WORK ORDER: Only the lines below, from the one with "Patagonia founder just" through the one with "As Cloud closes", are to be written out, exactly.

Start of EXERCISE DATA

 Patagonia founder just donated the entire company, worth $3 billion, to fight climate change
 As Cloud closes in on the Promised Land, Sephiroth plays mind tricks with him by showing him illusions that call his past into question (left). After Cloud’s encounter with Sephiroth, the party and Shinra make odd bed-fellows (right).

End of EXERCISE DATA
Start of EXERCISE DATA

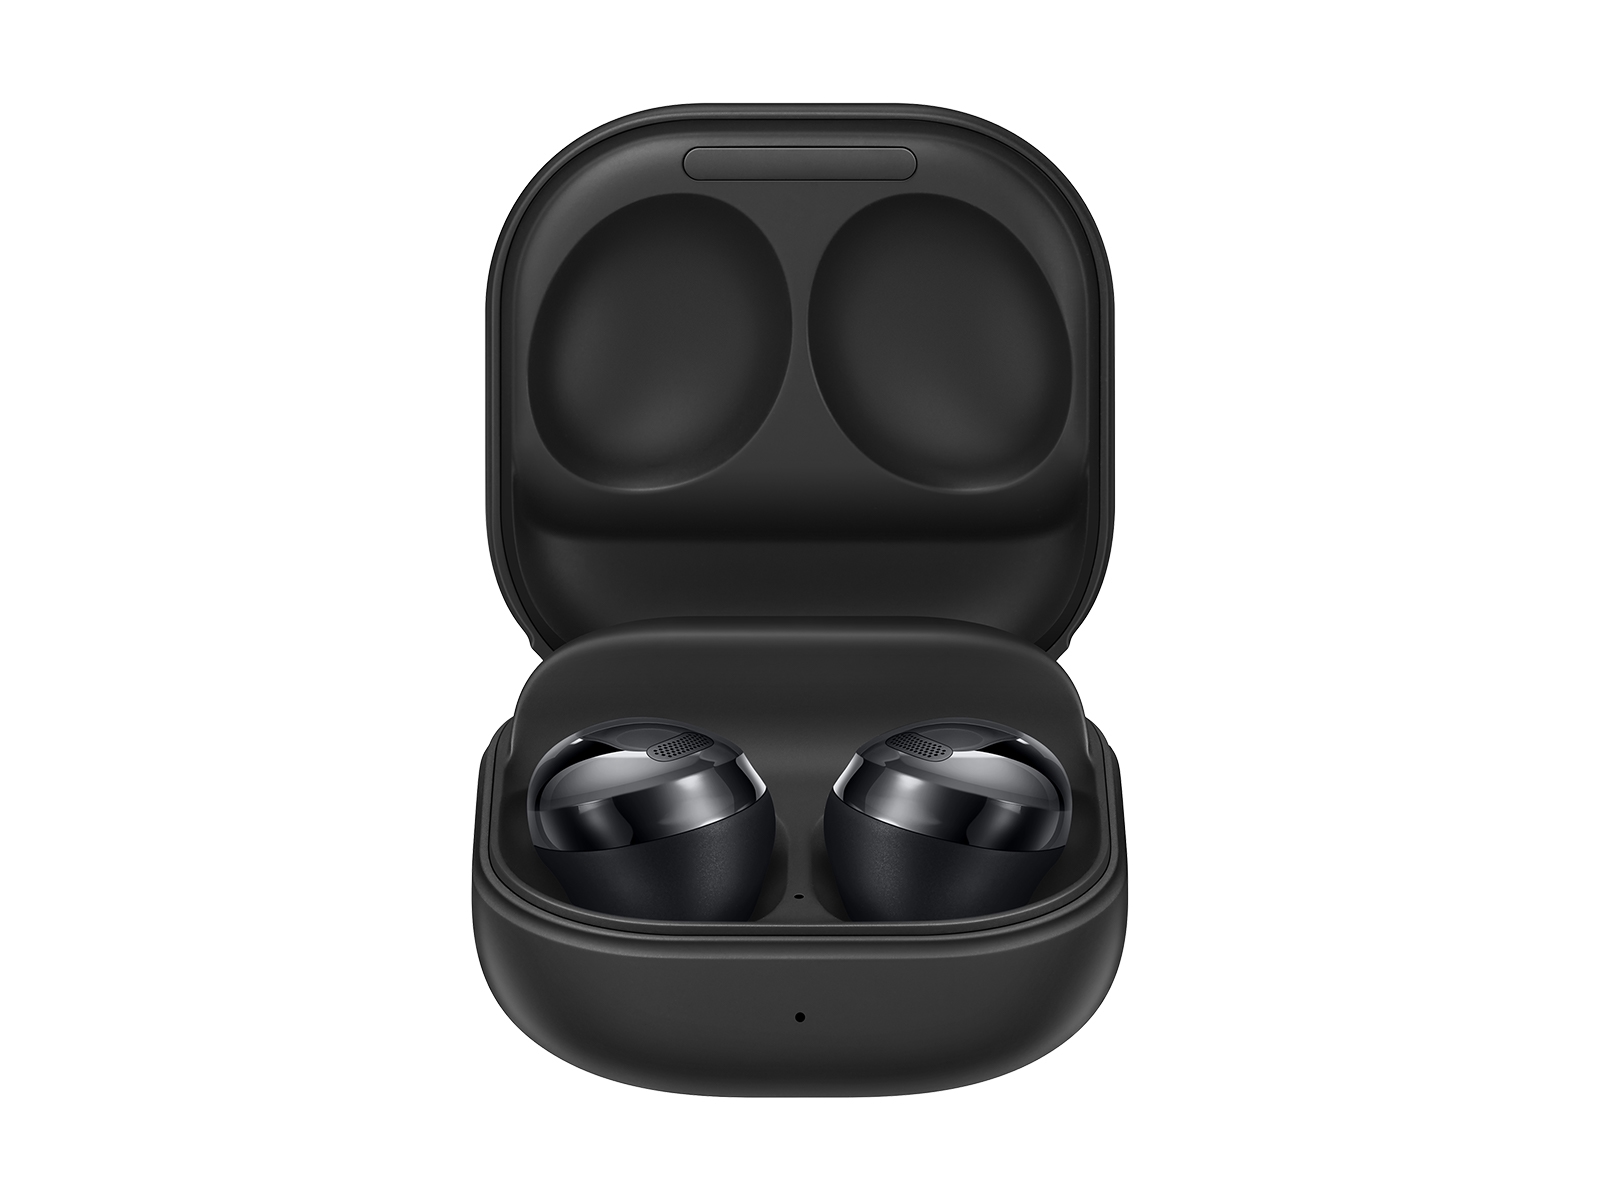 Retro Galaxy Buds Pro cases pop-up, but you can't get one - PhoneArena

End of EXERCISE DATA

TASK OUTPUT:
 Patagonia founder just donated the entire company, worth $3 billion, to fight climate change
 As Cloud closes in on the Promised Land, Sephiroth plays mind tricks with him by showing him illusions that call his past into question (left). After Cloud’s encounter with Sephiroth, the party and Shinra make odd bed-fellows (right).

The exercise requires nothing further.